= Hellmuth Greinert =

German lawyer

Hellmuth Greinert (* 29 July 1906 in Plauen; † 30 November 1967 in Bonn) was a German lawyer, chairman of the supervisory board and politician (SPD).

== Life ==
Hellmuth Greinert was the son of a master craftsman. After attending elementary school and the Realgymnasium in Düsseldorf, he studied law in Berlin, Bonn and Cologne as a working student from 1926 to 1930. In 1930 he passed his legal clerkship and in 1933 his second state examination. This was followed in the same year by his work as a legal assistant in the Prussian Ministry of Justice.

In 1934 he joined the Rhineland Provincial Administration, of which he was District Administrator from 1942. In 1945 he took over the finance department of the provincial government of the North Rhine Province. After the foundation of the state of North Rhine-Westphalia in August 1946, he joined the Ministry of Finance. There he was appointed Ministerial Councillor in 1947 and Ministerial Director in 1949.

Greinert was appointed Chief City Director of the City of Essen, as Hugo Rosendahl's successor, on 1 September 1950. Which he was also a member of the German Association of Cities, the Rhineland Regional Association, the committee of the Ruhr Coal District Settlement Association and other public service organisations, associations and supervisory boards. Greinert was Chairman of the Supervisory Board of Rheinisch-Westfälische Elektrizitätswerks AG and joined its Board of Management on 1 September 1957, where he remained until his death. From 1960 he was also vice president of the Essen Chamber of Industry and Commerce. Greinert rendered outstanding services to the expansion of the municipal hospitals, from which the University Hospital Essen emerged.

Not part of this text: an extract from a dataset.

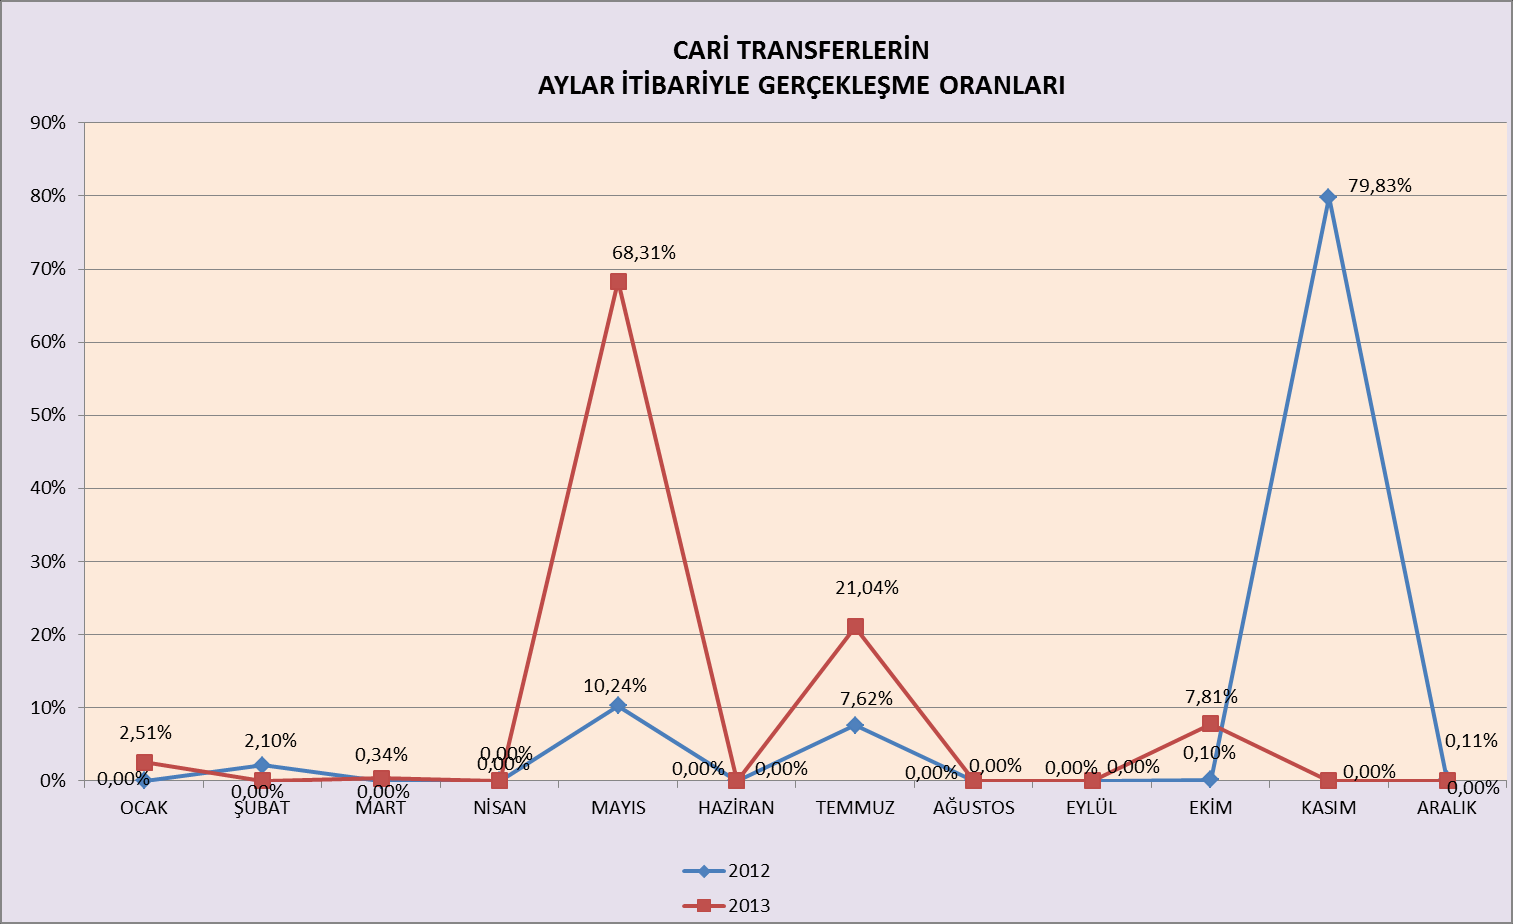 Cari Transferlerin aylara göre dağılım grafikleri
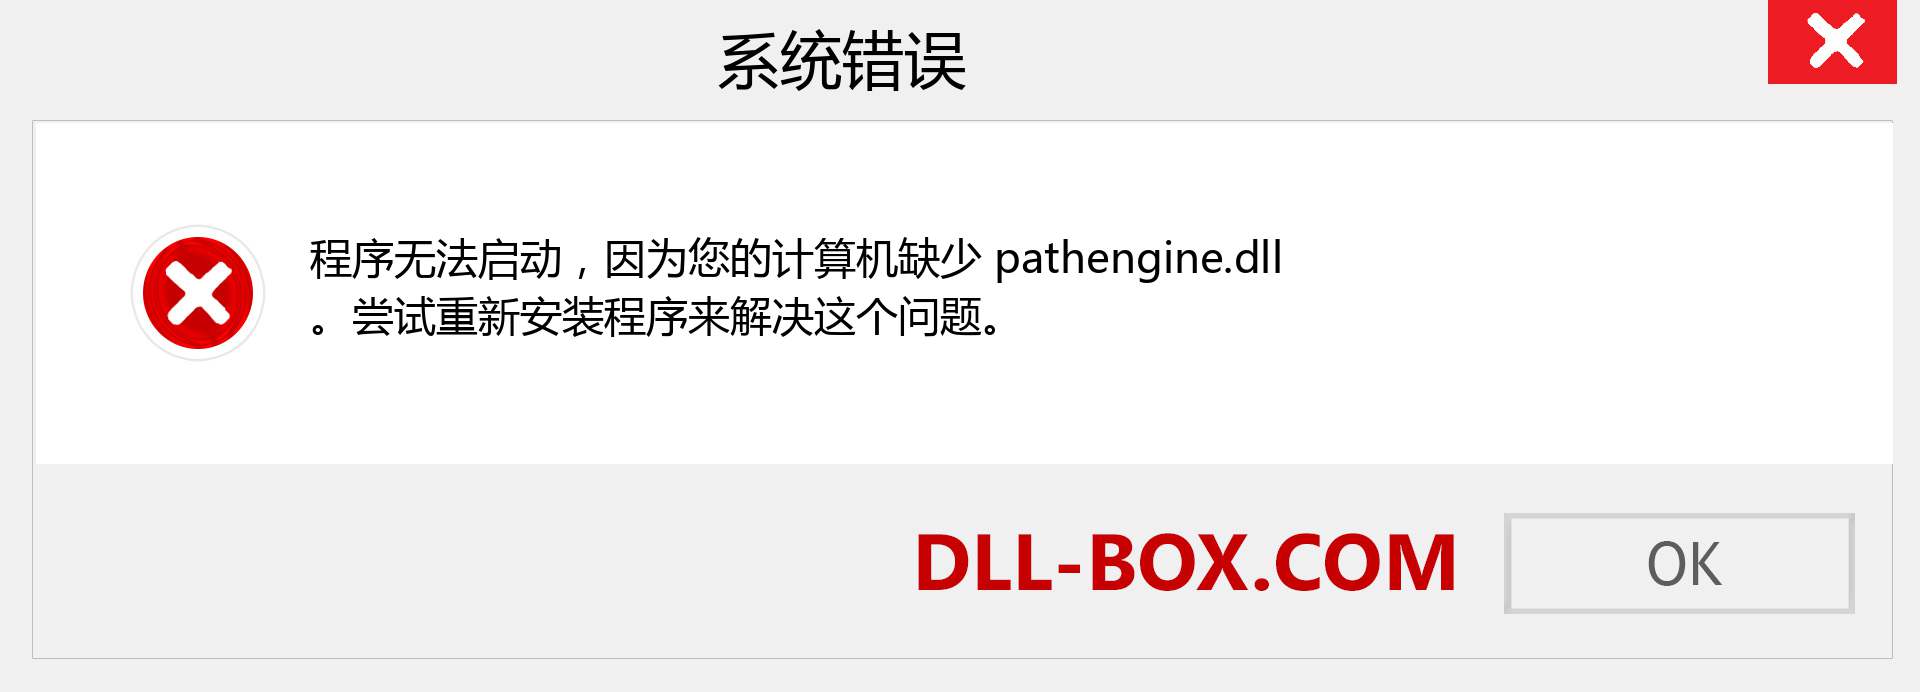 pathengine.dll 文件丢失？。 适用于 Windows 7、8、10 的下载 - 修复 Windows、照片、图像上的 pathengine dll 丢失错误

He was buried in Essen at Bredeney cemetery.

== Honours ==
Greinert was made an honorary citizen of the RWTH Aachen and the Rheinische Friedrich-Wilhelms-Universität Bonn, and in 1955 was awarded an honorary doctorate from the Medical Academy in Düsseldorf.

== Literature ==

- Erwin Dickhoff: Essener Köpfe. publisher: Stadt Essen–Historischer Verein für Stadt und Stift Essen. Klartext-Verlag, Essen 2015, ISBN 978-3-8375-1231-1, p. 123.
- Fritz Pudor: Hellmuth Greinert; in: Lebensbilder aus dem Rheinisch-Westfälischen Industriegebiet Jahrgang 1962–1967. Nomos, Baden-Baden 1977, ISBN 978-3-7890-0261-8, p. 55–59.